The Dairy Club is a student affiliate of the American Dairy Science Association, which sponsors national and regional competitions. The club is evaluated on many of its activities throughout the year and on two undergraduate papers on issues in the dairy industry. Members also present symposiums describing the club's activities, attend business meetings, discuss legislation, and submit their glossy annual, The Milky Way, for judging.

In recent years, the Dairy Club has sold, packaged, and shipped cheese purchased from a large dairy outlet. Sales last year surpassed $30,000. The club also sells milk shakes and ice cream at a dairy bar at the Virginia State Fair. Members milk some of the show cows at the fair as a service for the farmers. The $15,000 earned through all fund raising supports scholarships, travel expenses, the printing of The Milky Way, and an annual club trip to various dairy farms and processing centers.

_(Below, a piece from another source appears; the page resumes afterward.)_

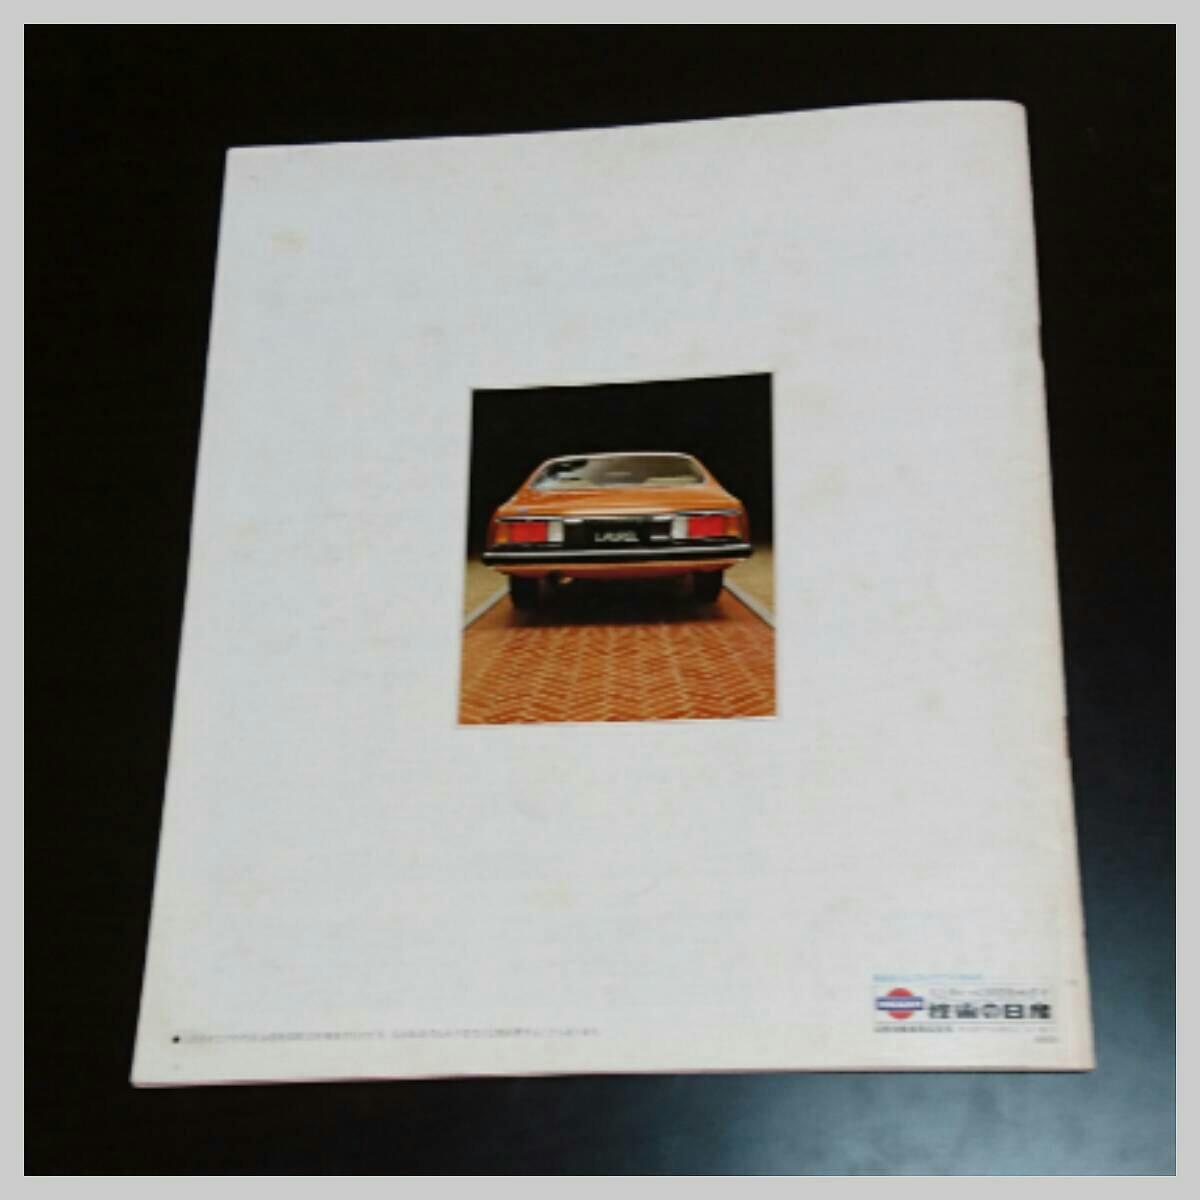 ◯当時物 旧車カタログ 日産 ローレル 昭和レトロ NISSAN LAUREL (SC-25)_画像7
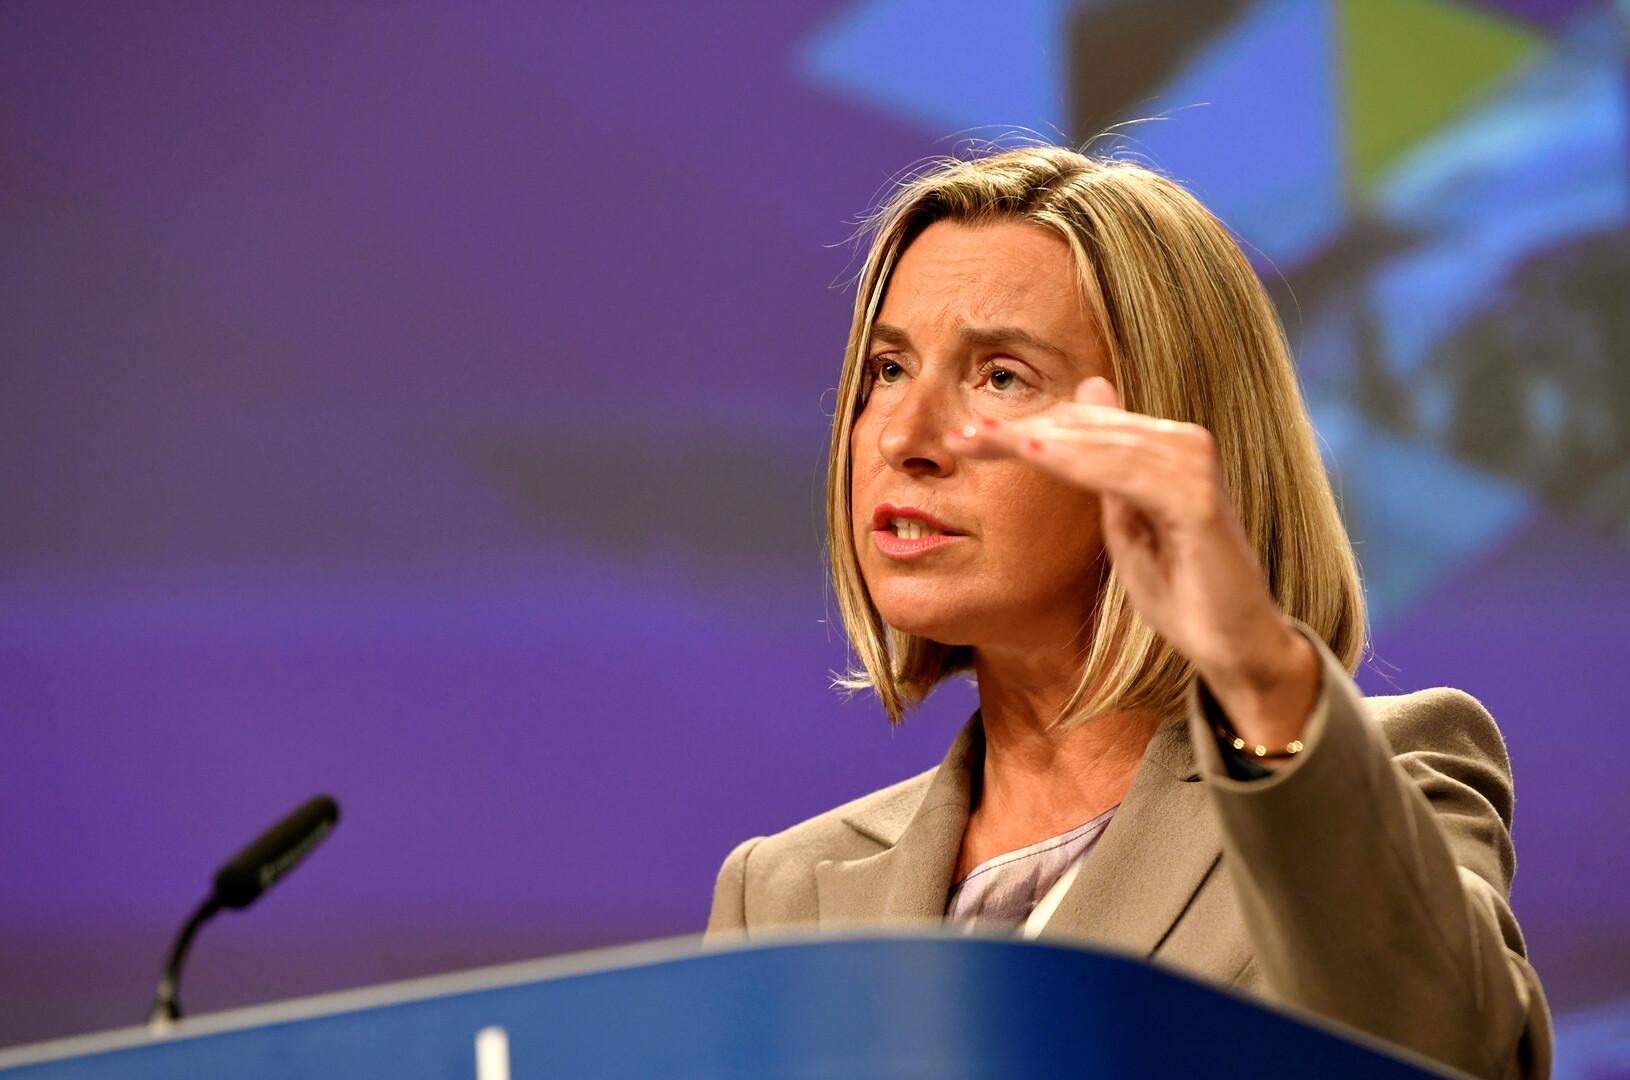 الاتحاد الأوروبي يدعو روسيا وأوكرانيا إلى

Each spring the club hosts "The Little All-American Dairy Show" in which club members are judged on heifers they break, groom, feed, and train for show. An alumnus or other influential member of the dairy industry judges the animals on the basis of showmanship and appearance.

"I came to Virginia Tech to further my judging ability," says Stacey Guyton, a junior studying dairy science. The Dairy Judging Team, which is supported by the Dairy Club, consists of eight students who specialize in evaluating dairy cattle. The team competes successfully around the country, creating a reputation equal to that of the Dairy Club. Competing several times a year, the team received 15 first-place awards in the past 10 years. Much credit is given to the late professor William Etgen, for whom the new Dairy Judging Pavilion was named and who led the club to national wins on 12 occasions.

The majority of Dairy Club members are out-of-state students. The club's reputation plays as much of an influential role as that of Virginia Tech as a whole. Clint Shontz '93 says, "When you see the breeding magazines and read that Virginia Tech's Dairy Club has been rated as the No. 1 club in the nation, it really means something."

So what is the key to the Dairy Club's success? Student members insist the club's four advisors-Ray Nebel, Robert James, Ronald Pearson, and Michael Barnes-are the impetus, but the advisors point their fingers to the members' drive for achievement.

"My advisors push us to succeed because they don't want to see us let ourselves down. I don't see that push from the advisors at other schools," says Guyton.

Guyton developed leadership, citizenship, and oral presentation skills, and feels more prepared for the job world than if she had not been part of the club, she says.

"The club is almost like having another class for four years," Shontz adds. "I've learned a lot in addition to what I've studied in the classroom."


Kate Greene '94 was a spring intern for the Virginia Tech magazine.